### Your task
Every line from the one with "Na długim stole" through the last line below should be repeated exactly; pictures stay out of the copy.

___ Data

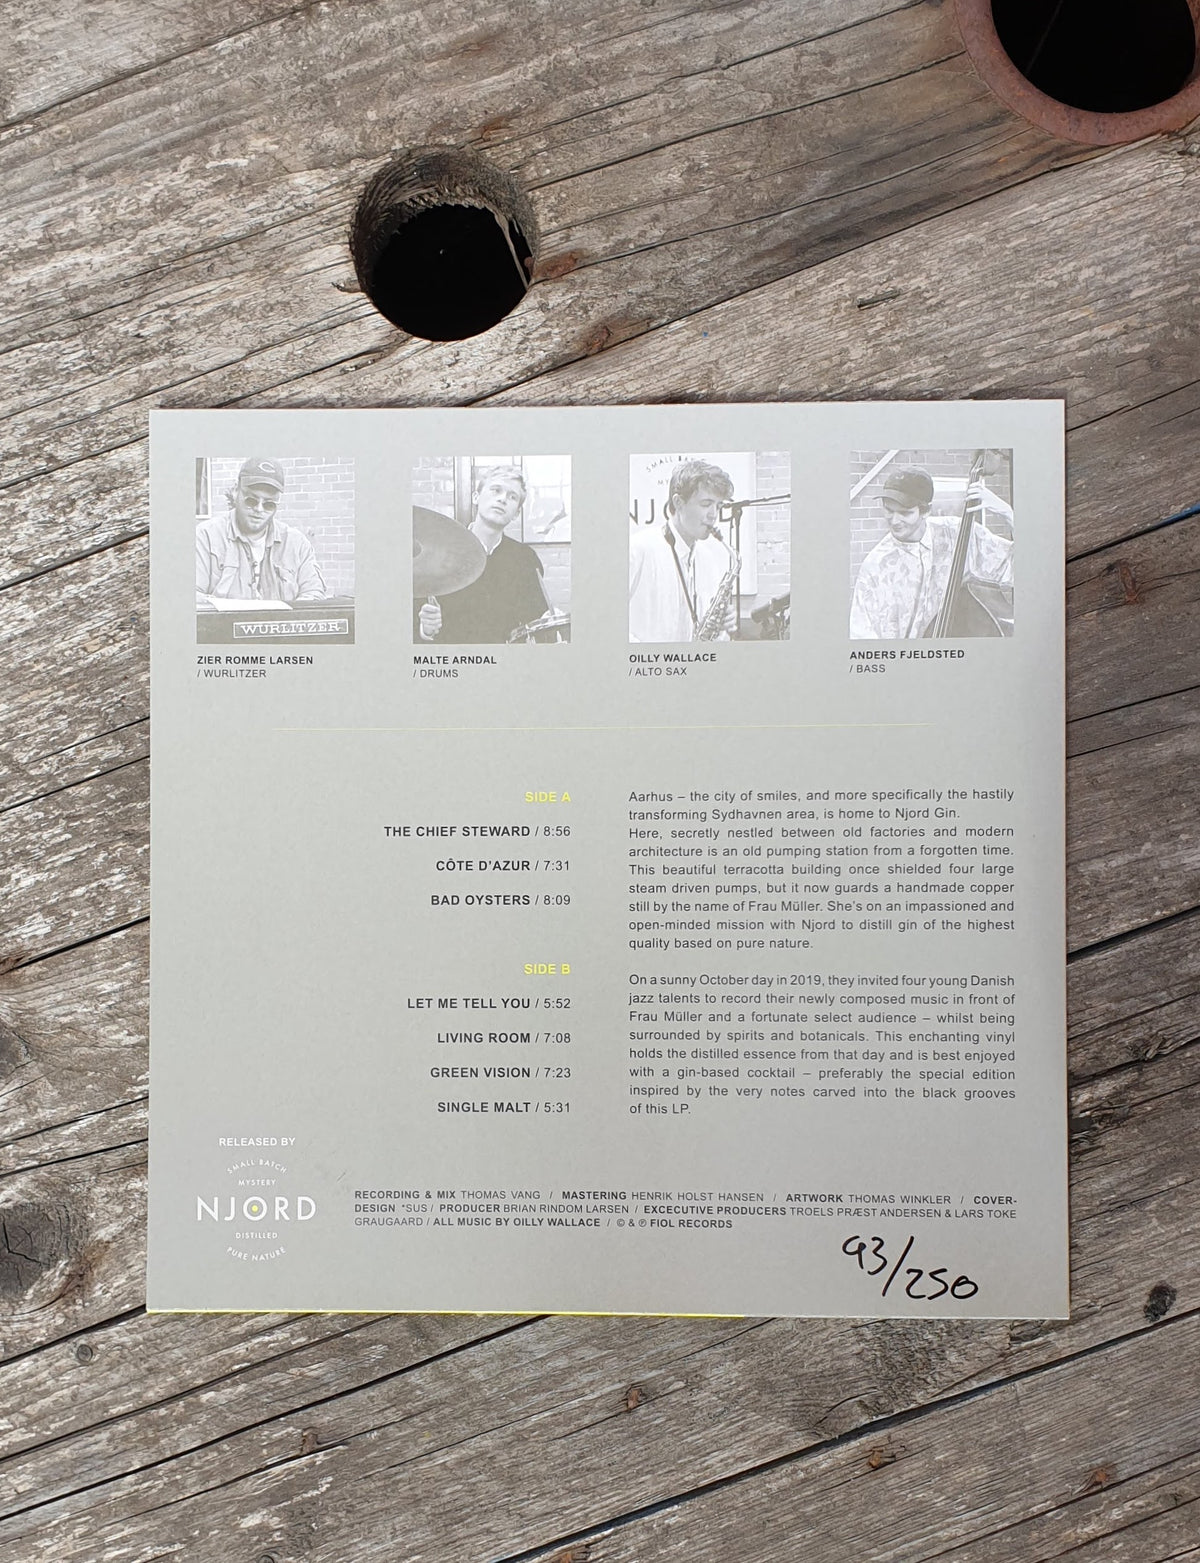 Olliy Wallace Quartet - live jazz album vinyl-back
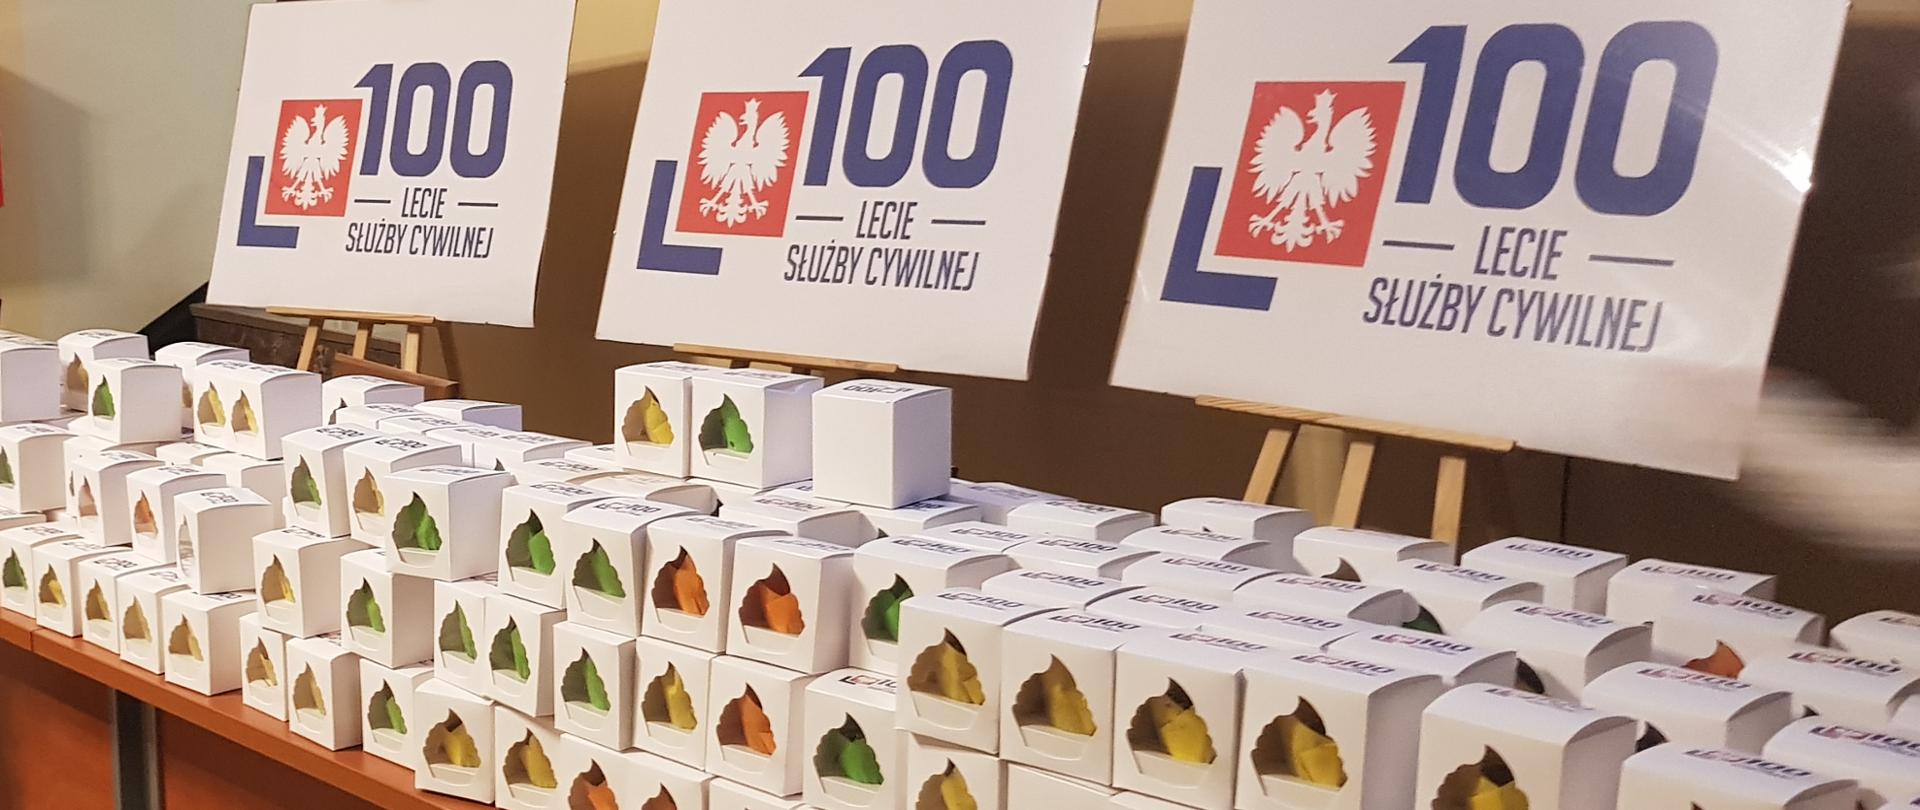 Na długim stole pudełka z upominkami dla pracowników Zachodniopomorskiego Urzędu Wojewódzkiego w Szczecinie z okazji 100-lecia służby cywilnej. Ponad stołem tablice z symbolem obchodów tego jubileuszu.
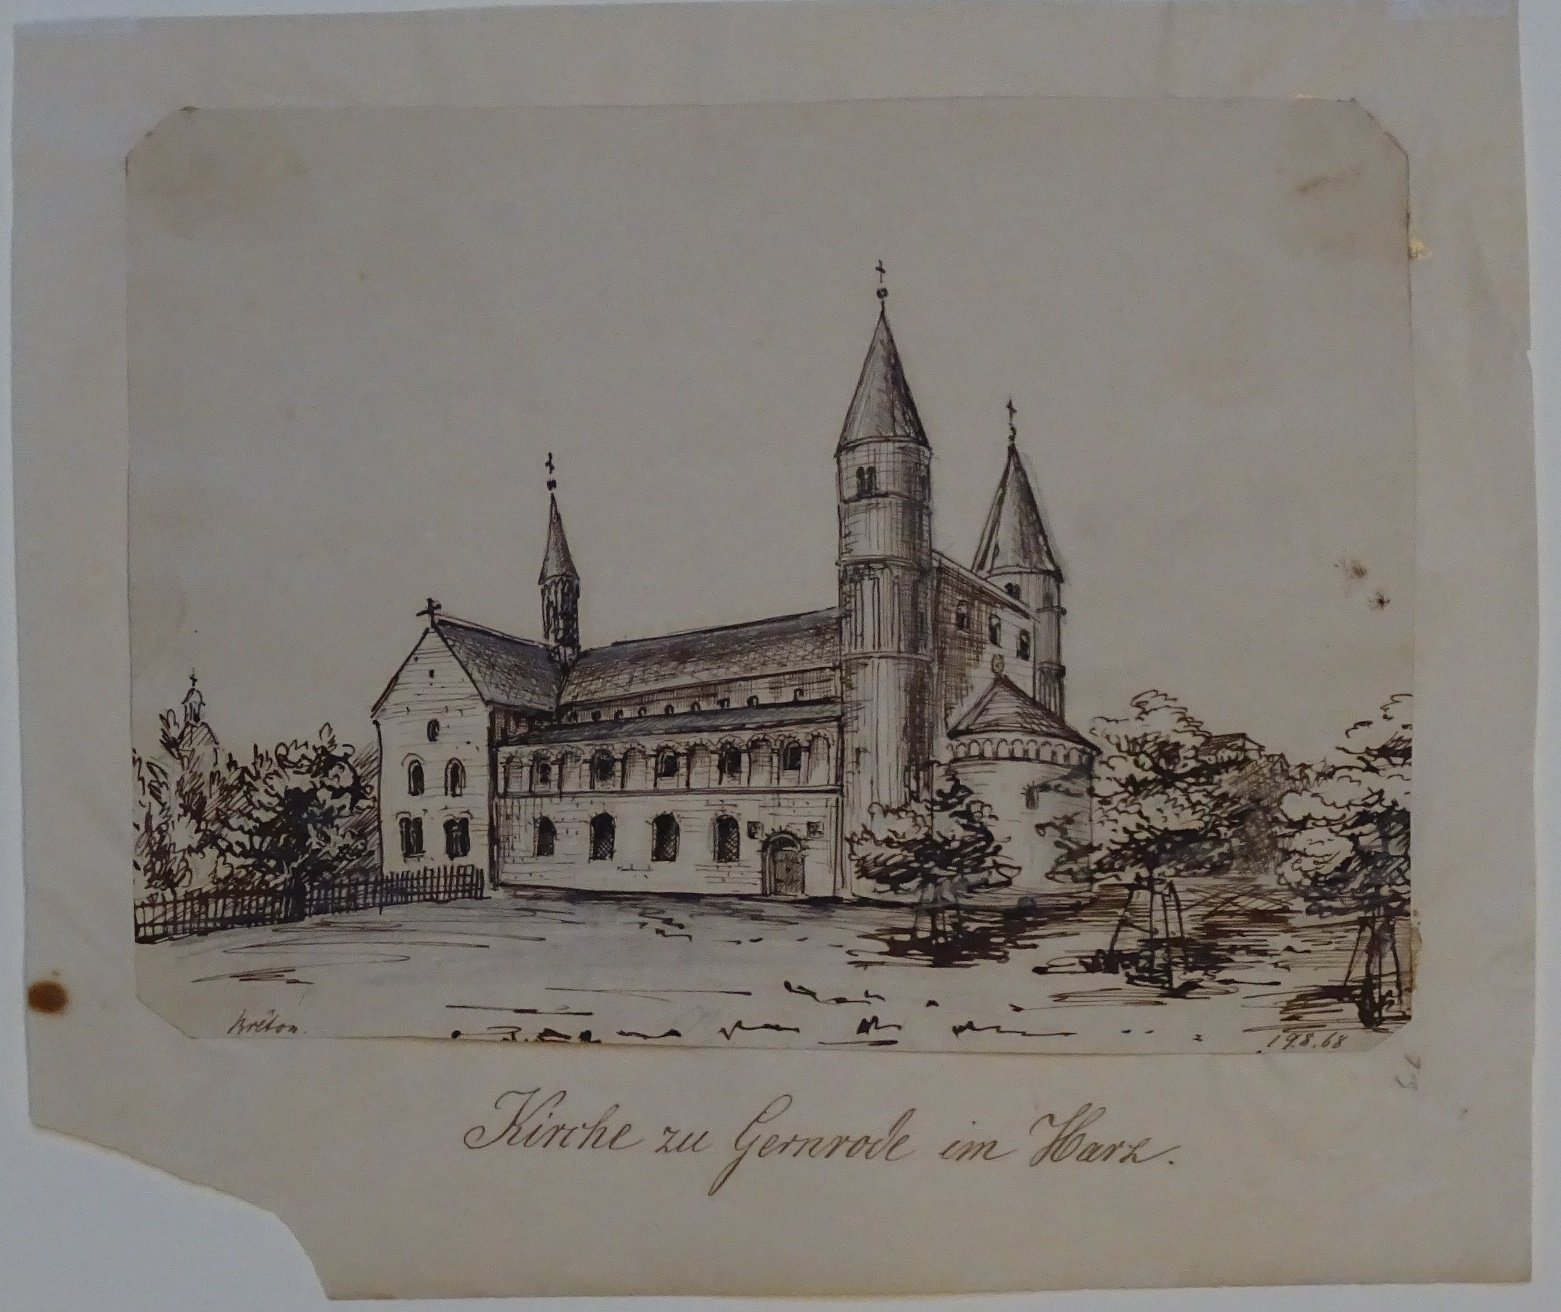 Gernrode: Stiftskirche, gezeichnet von Breton, 19. August 1868 (Schloß Wernigerode GmbH RR-F)

______

### Exercise output
 Na długim stole pudełka z upominkami dla pracowników Zachodniopomorskiego Urzędu Wojewódzkiego w Szczecinie z okazji 100-lecia służby cywilnej. Ponad stołem tablice z symbolem obchodów tego jubileuszu.
 Gernrode: Stiftskirche, gezeichnet von Breton, 19. August 1868 (Schloß Wernigerode GmbH RR-F)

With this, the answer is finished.